Extracted material:

_ _ _

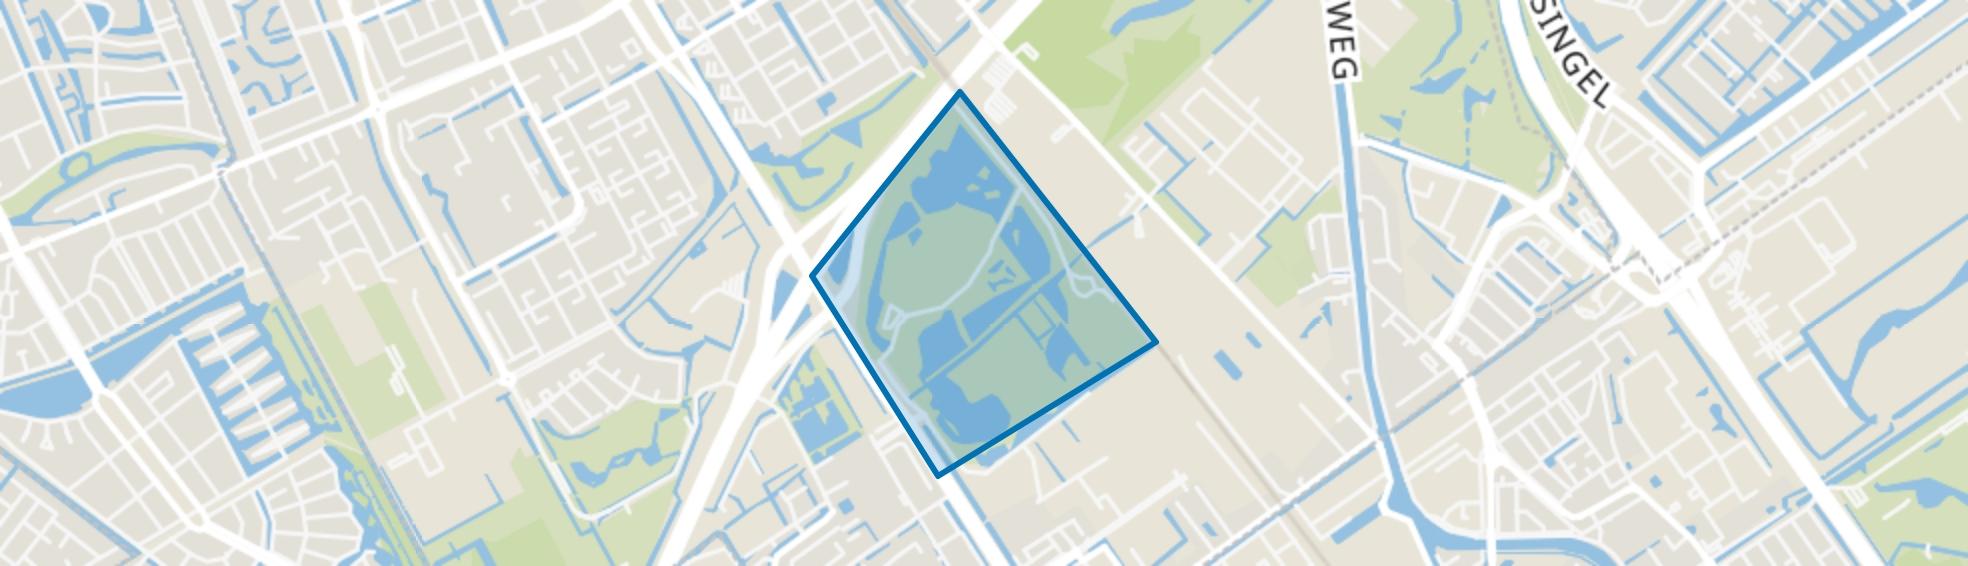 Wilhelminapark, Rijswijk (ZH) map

_ _ _

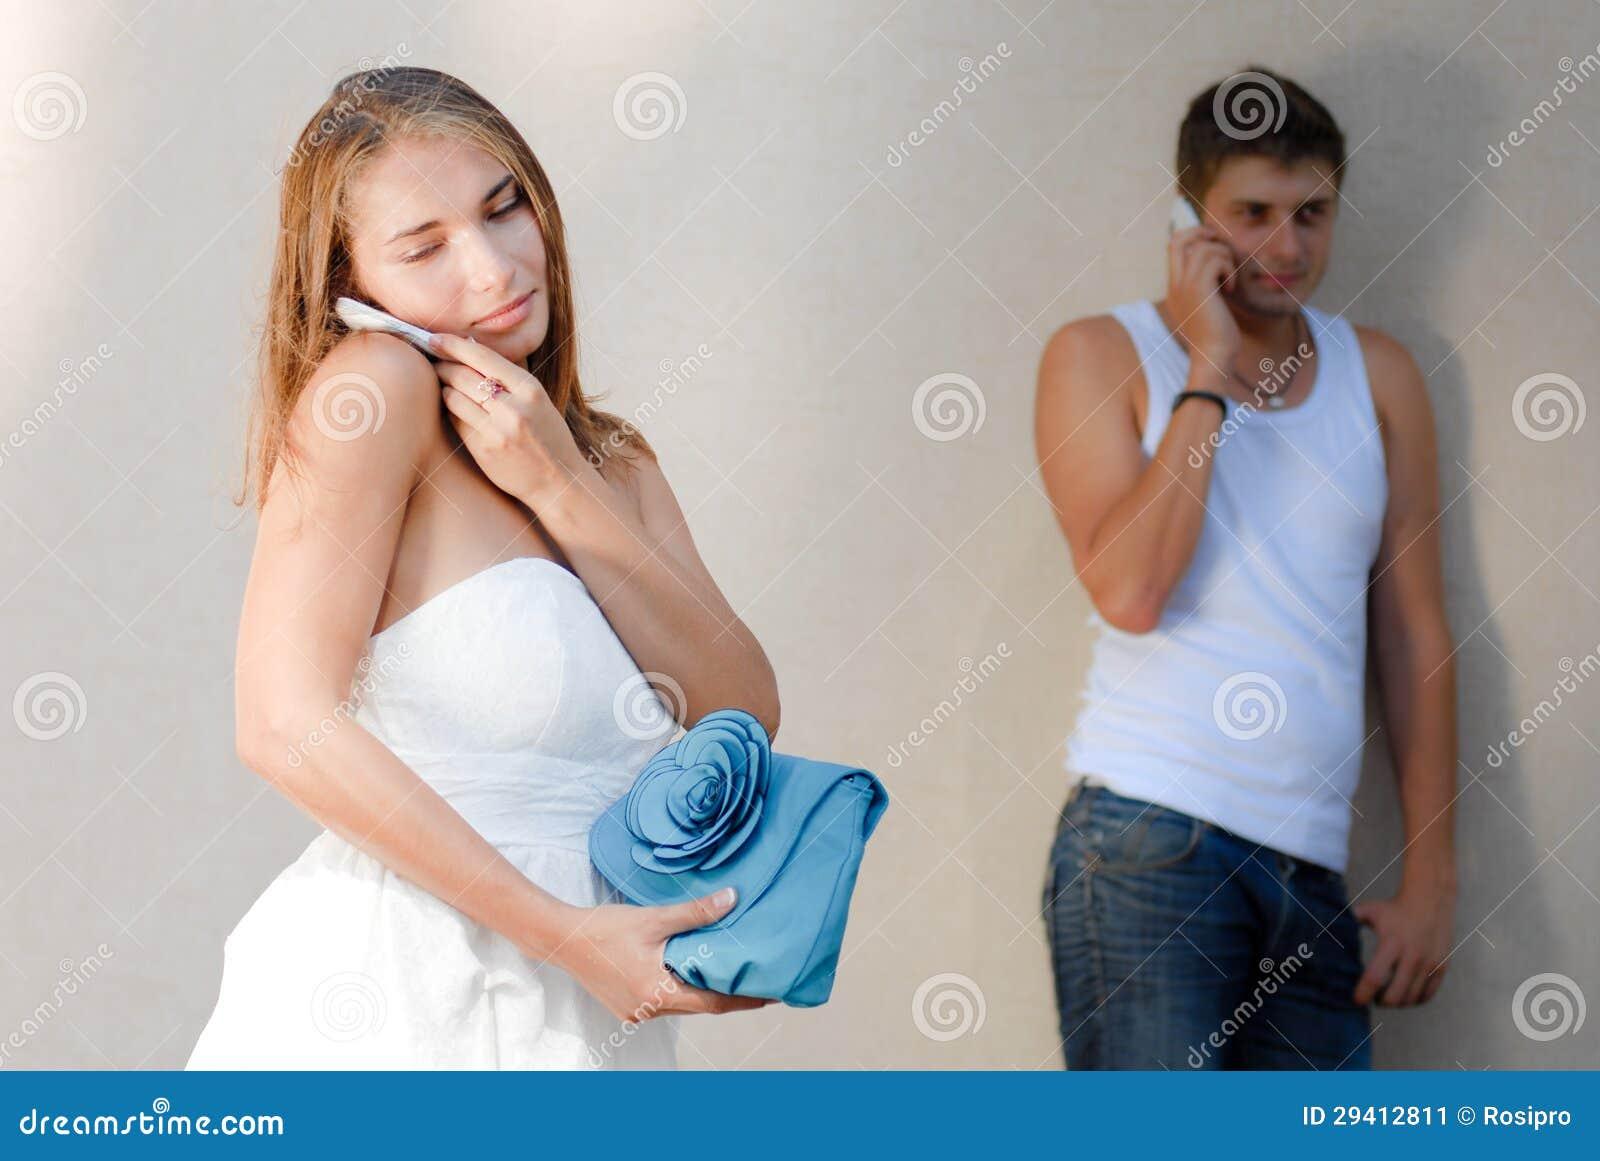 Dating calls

_ _ _

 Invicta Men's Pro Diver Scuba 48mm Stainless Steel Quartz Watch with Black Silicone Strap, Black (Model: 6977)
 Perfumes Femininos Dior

_ _ _

Assignment: Reproduce, word for word and in full, only the lines above that start at the line with "Invicta Men's Pro" and run through the line with "Perfumes Femininos Dior", both ends included.

Written reply:
 Invicta Men's Pro Diver Scuba 48mm Stainless Steel Quartz Watch with Black Silicone Strap, Black (Model: 6977)
 Perfumes Femininos Dior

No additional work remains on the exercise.